5. Communication and Compatibility
You’ll work closely with your adviser, so ensure they communicate clearly, listen actively, and align with your values. Honesty, trust, and personal rapport are essential for a successful partnership. Ensure they understand not only your deal’s financial and strategic aspects but also your vision and objectives. The right adviser will be someone you feel comfortable collaborating with throughout the process.
6. Fee Structure and Incentives
Understand how your adviser’s fees are structured and ensure their incentives align with yours. Whether it’s a retainer, success fee, or a combination, transparency about costs and expectations is crucial from the outset. While a lower fee may seem appealing, it doesn’t always equate to the best value. A well-structured fee arrangement should reflect the adviser’s commitment to your success, with the quality of their service, dedication, and time invested in achieving the best possible outcome for you being the key focus.

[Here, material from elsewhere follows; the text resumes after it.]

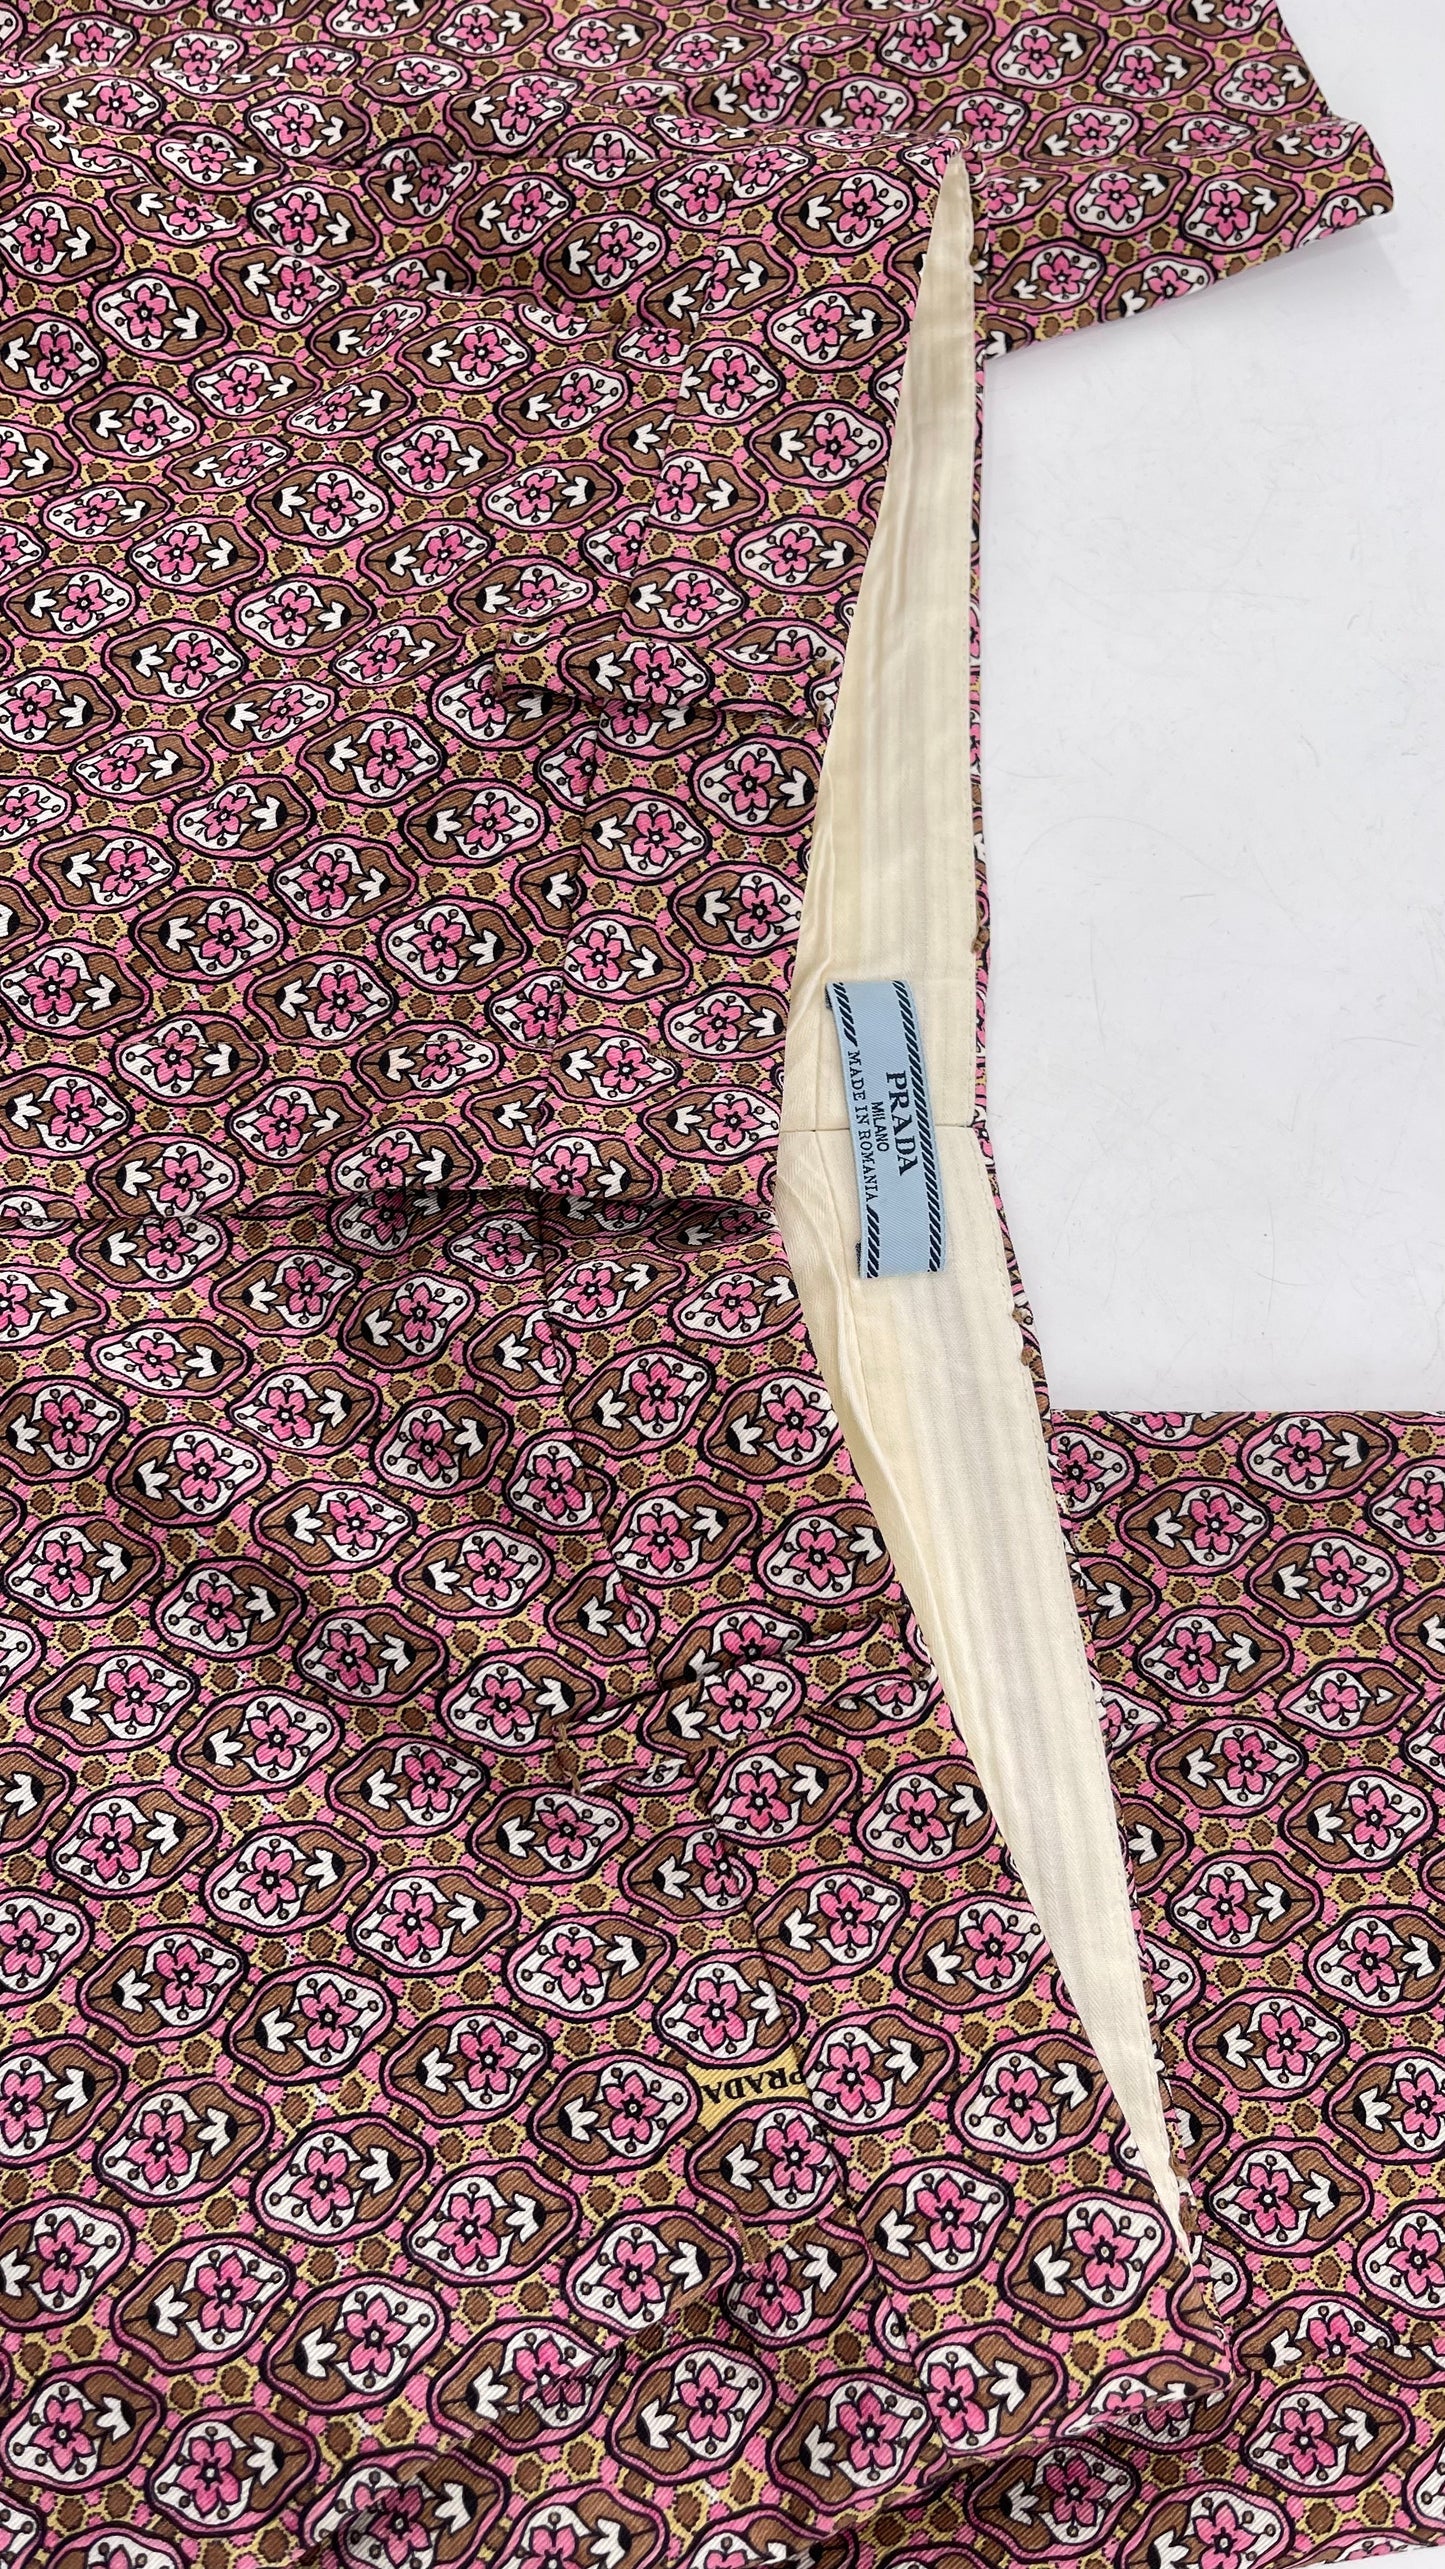 Vintage PRADA Trouser Brown Pink 1970s Style Pattern (28)

7. References and Reputation
Finally, don’t hesitate to ask for references. Speak to past clients and inquire about their experiences and the adviser’s integrity. A reputable adviser with strong testimonials and a solid reputation is more likely to deliver the results you seek.
Conclusion
Choosing the right adviser is a critical step to achieving a successful deal. The ideal partner will bring expertise, industry knowledge, and a personalised approach to help you achieve your objectives. By carefully evaluating potential advisers based on the criteria above, you’ll be well-positioned to navigate the complexities of M&A and achieve a successful outcome.